Perrine Inquimbert, Martin Moll, Alban Latremoliere, Chi Kun Tong, John Whang, Gregory F. Sheehan, Brendan M. Smith, Erica Korb, Maria C.P. Athié, Olusegun Babaniyi, Nader Ghasemlou, Yuchio Yanagawa, C. David Allis, Patrick R. Hof, Joachim Scholz

Research output: Contribution to journalArticlepeer-review

50 Scopus citations

Abstract

Peripheral nerve lesions provoke apoptosis in the dorsal horn of the spinal cord. The cause of cell death, the involvement of neurons, and the relevance for the processing of somatosensory information are controversial. Here, we demonstrate in a mouse model of sciatic nerve injury that glutamate-induced neurodegeneration and loss of γ-aminobutyric acid (GABA)ergic interneurons in the superficial dorsal horn promote the transition from acute to chronic neuropathic pain. Conditional deletion of Grin1, the essential subunit of N-methyl-D-aspartate-type glutamate receptors (NMDARs), protects dorsal horn neurons from excitotoxicity and preserves GABAergic inhibition.

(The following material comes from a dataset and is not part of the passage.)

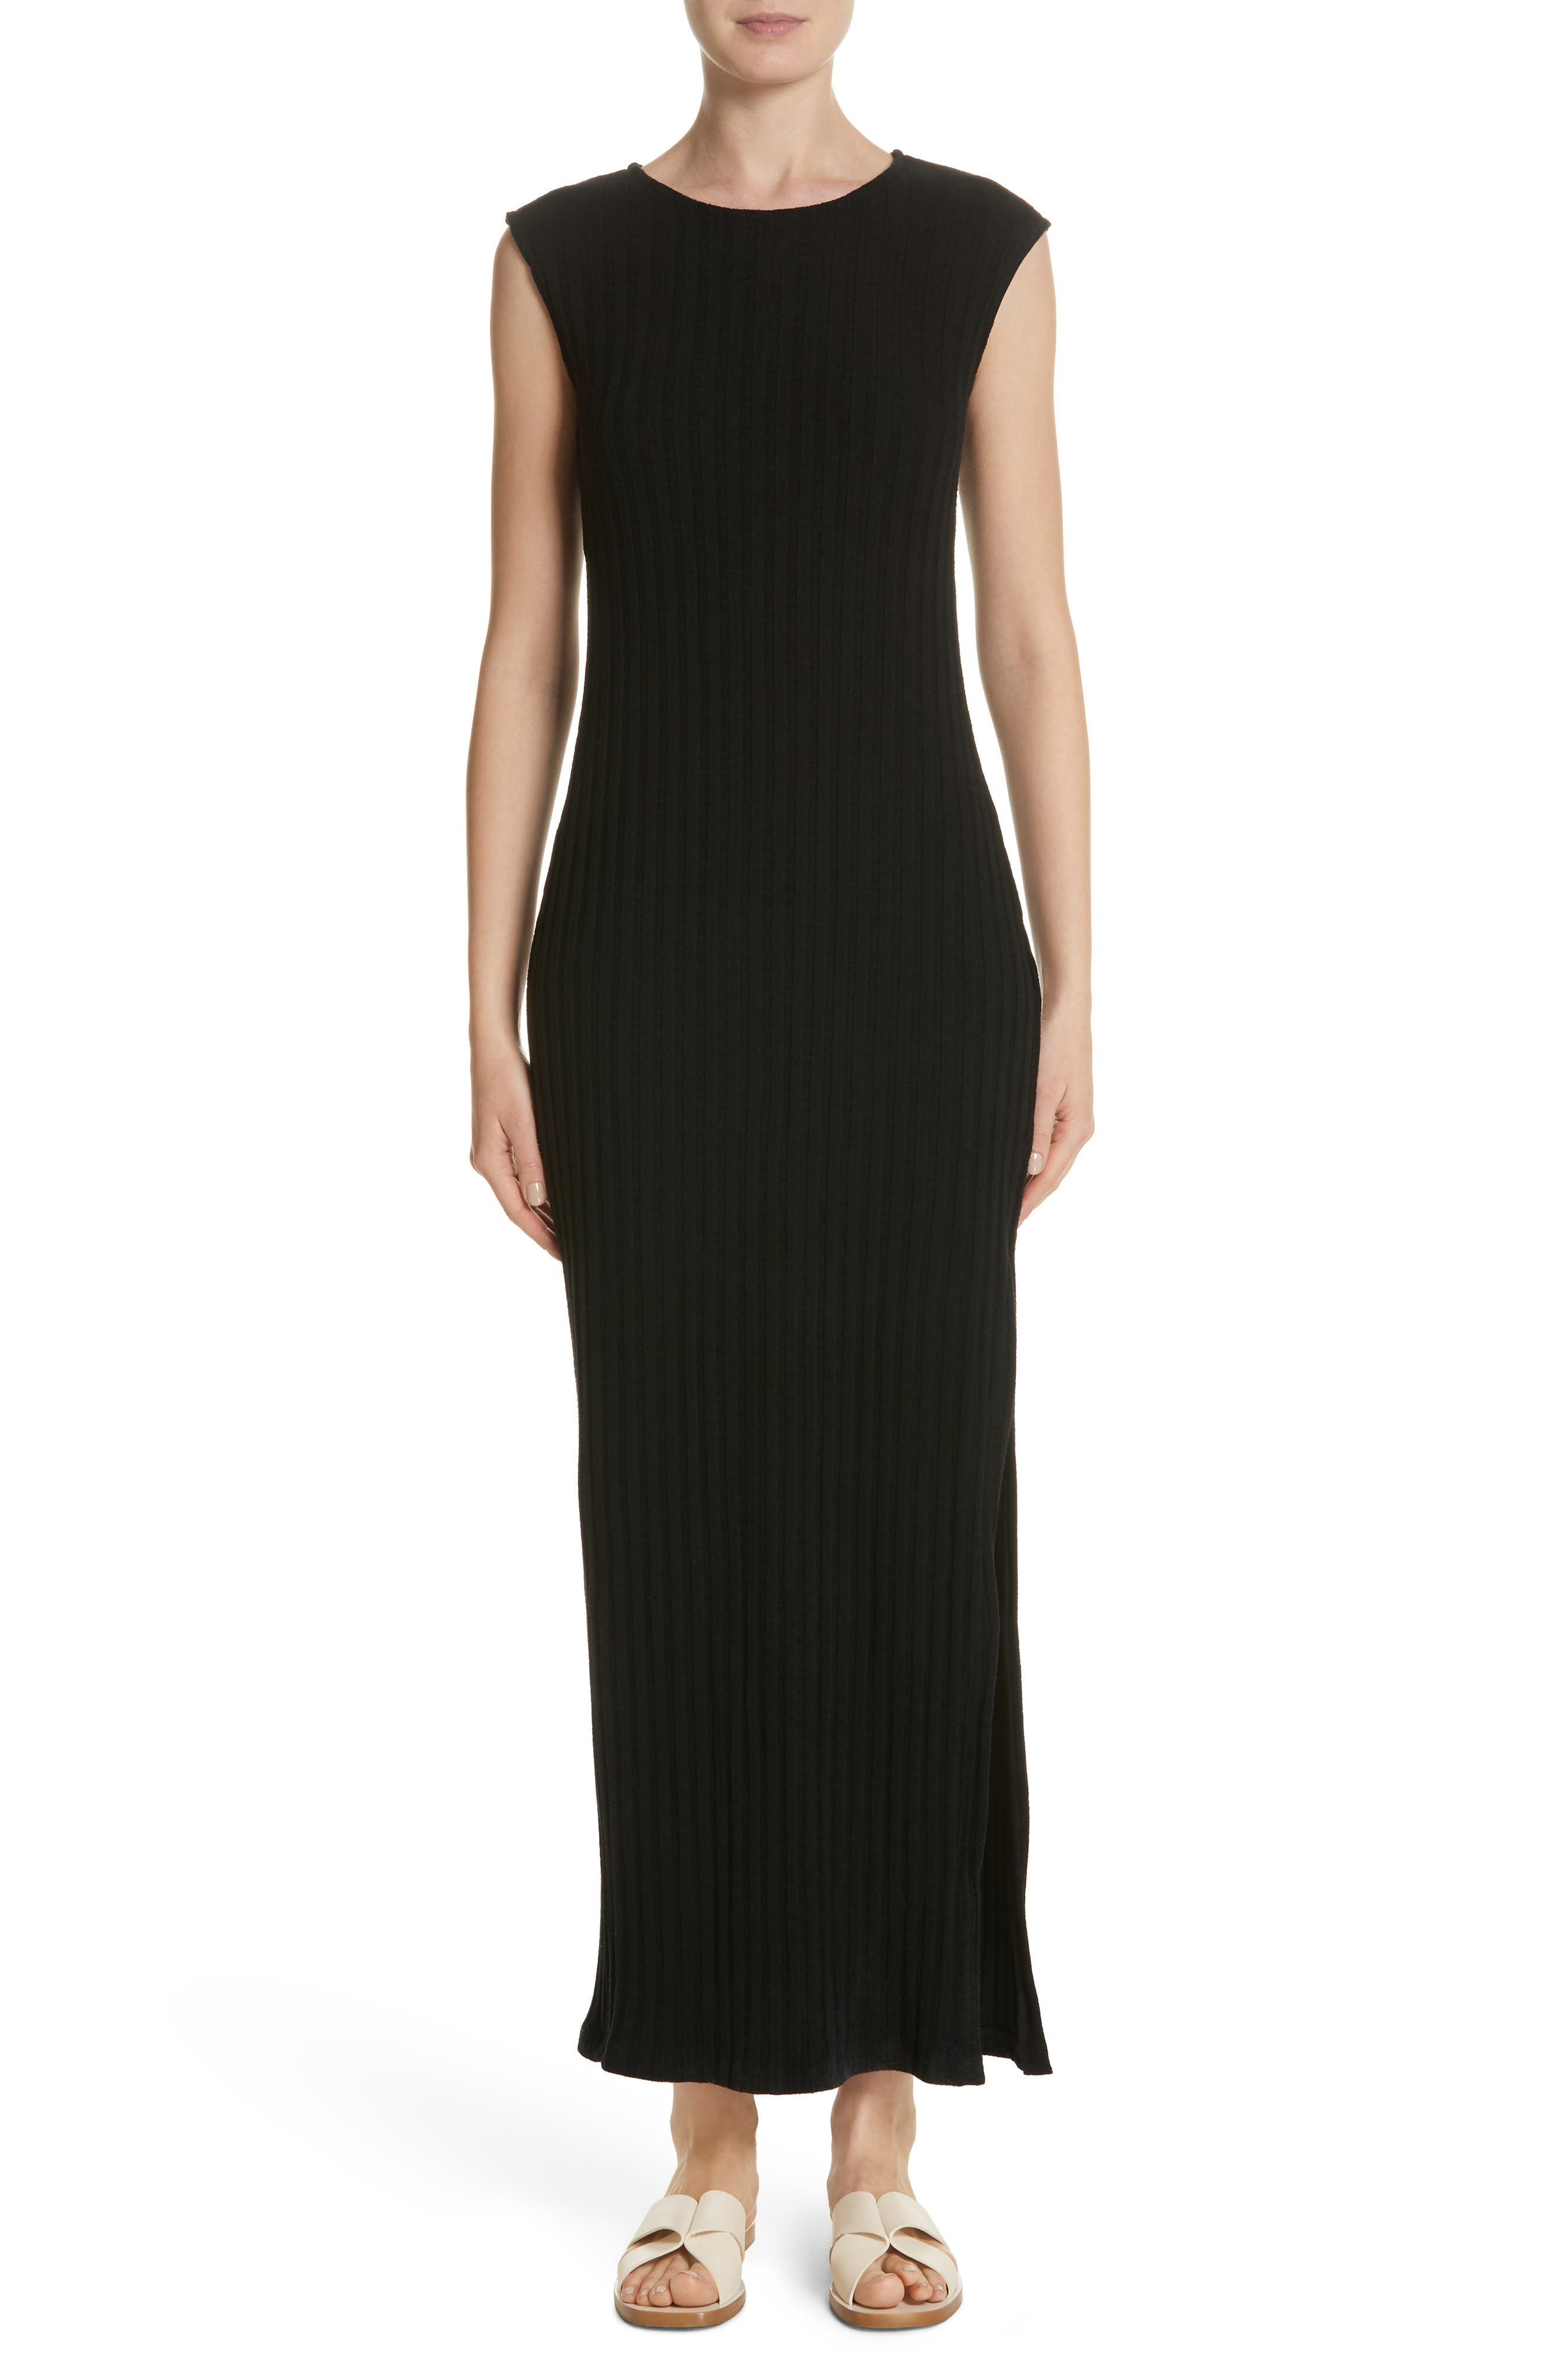 Simon Miller Tali Stretch Ribbed Body-Con Dress

Mice deficient in functional NMDARs exhibit normal nociceptive responses and acute pain after nerve injury, but this initial increase in pain sensitivity is reversible. Eliminating NMDARs fully prevents persistent pain-like behavior. Reduced pain in mice lacking proapoptotic Bax confirmed the significance of neurodegeneration. We conclude that NMDAR-mediated neuron death contributes to the development of chronic neuropathic pain. Dorsal horn neurons process somatosensory information, including pain. Inquimbert et al. utilized spatially restricted Grin1 knockout to show that NMDA-receptor-mediated excitatory input causes the degeneration of some dorsal horn neurons after nerve injury. Irreversible loss of GABAergic interneurons leads to a deficit in inhibition that promotes persistent pain hypersensitivity.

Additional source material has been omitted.